追伸:一昨日(12月17日)、県内の新規感染者が全国最多の52名(うち30名は桐生市内の某工場でのクラスター関連)になったことを受けて、知事の臨時会見を開いた。感染の現状と今後の対応を説明するためだ。

 冒頭、県として反省すべき点に言及した。それは、クラスターの「芽」(兆候)が見られた初期の段階で、事業者にもっと協力を求め、県としてより速く広めにPCR検査を実施すべきだったということだ。それが出来ていれば、感染の拡大を防ぐことが出来たのではないかと感じている。この点に関しては、15日に行った医療関係者との意見交換の場でも指摘されていた。

 改めて分かったのは、こうした対応を的確かつ迅速に行うためには、事業主の方々の協力が不可欠だということだ。その観点からすると、今回のケースでは、県と事業主の間の初動対応でのコミュニケーションが、明らかに不足していた。そのことで、感染が拡大してしまった可能性が高い。

 上記の反省を踏まえ、一昨日、県内57の業界団体を通じ、事業者の方々に対し、「感染者が発生した場合の疫学調査に対する協力」などについて、群馬労働局長と知事との連名で文書を発出させていただいた。通知の中では、「感染防止対策の徹底」、「ワクチン接種の勧奨」、「保健所の疫学調査への協力」をお願いしている。

 前述したように、感染者のワクチン接種状況を見ると、ワクチン未接種の人の感染が目立っている。事業者の皆さまには、従業員の方々に対する「ワクチン接種の勧奨」を今一度、お願いしたい。
 
 加えて言うと、派遣会社や請負会社を通じて、人を受け入れている場合でも、派遣元の事業主を通じて、ワクチン接種を促していただくよう、重ねてお願いしたい。

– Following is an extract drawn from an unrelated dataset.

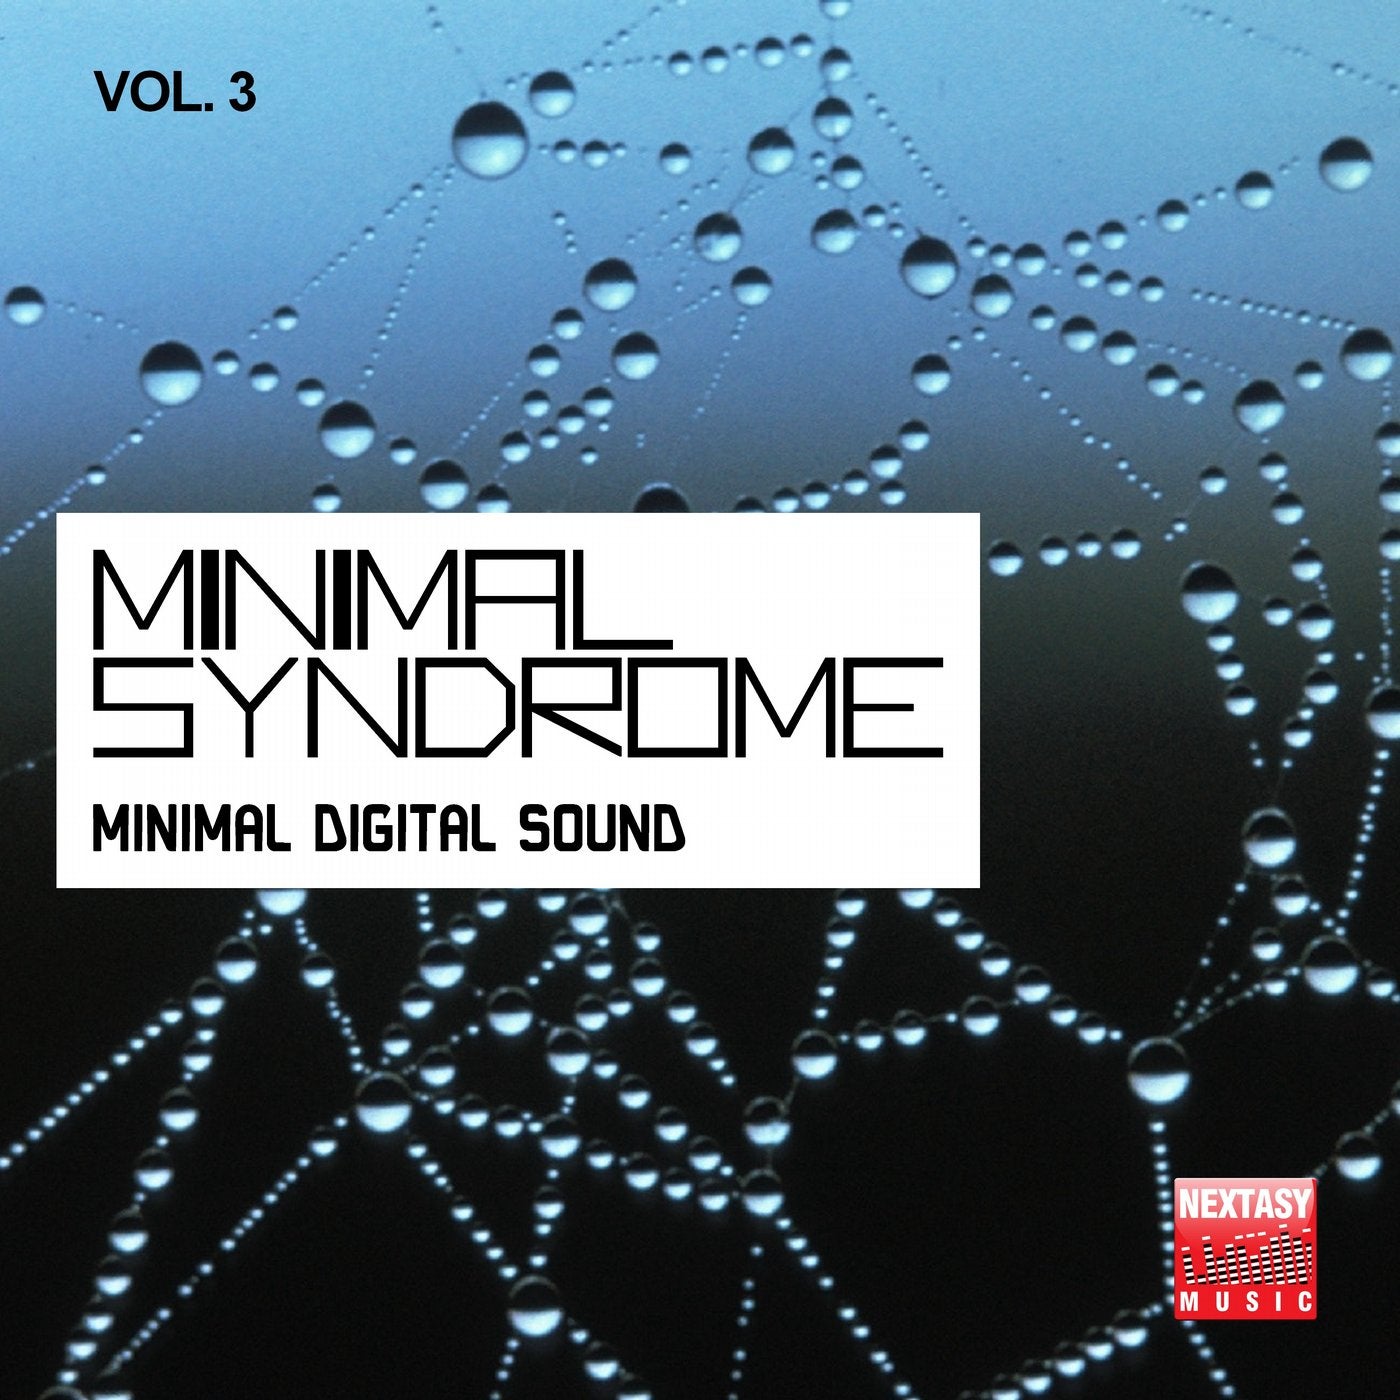 Minimal Syndrome, Vol. 3 (Minimal Digital Sound)

 県としても、引き続き市町村と連携しながら、1人でも多くの方にワクチンを接種いただけるよう、きめ細やかな情報発信を行っていきたいと考えている。

 特に、本県は、他県に比べて多くの外国籍県民が暮らしている。現状、多くの外国籍県民の方々にワクチンを接種していただいているのものの、言葉の壁があるために情報が伝わりにくいという状況があることは事実だ。

 このため、これまでも、ベトナム・ネパール大使館等と連携した取組を進めてきた。今後も、多言語での発信、企業やキーパーソンとの連携など、様々な方法で、外国籍の人たちへの働きかけを強化していく。

 早速、3日前から接種を呼びかける新たな情報を、SNSや、地元のキーパーソン等を通じて発信している。また、地元市町村との話し合いの場を設け、さらなる対策についても検討を実施中だ。

 繰り返しになるが、職場でのクラスターを早期に検知、収束させるためには、事業者の協力が必要不可欠だ。県内事業者の皆さん、是非とも、この点をご理解いただき、万一、事業所内で感染者が確認された場合には、保健所の調査に、積極的にご協力いただきますよう、重ねてお願いを申し上げます!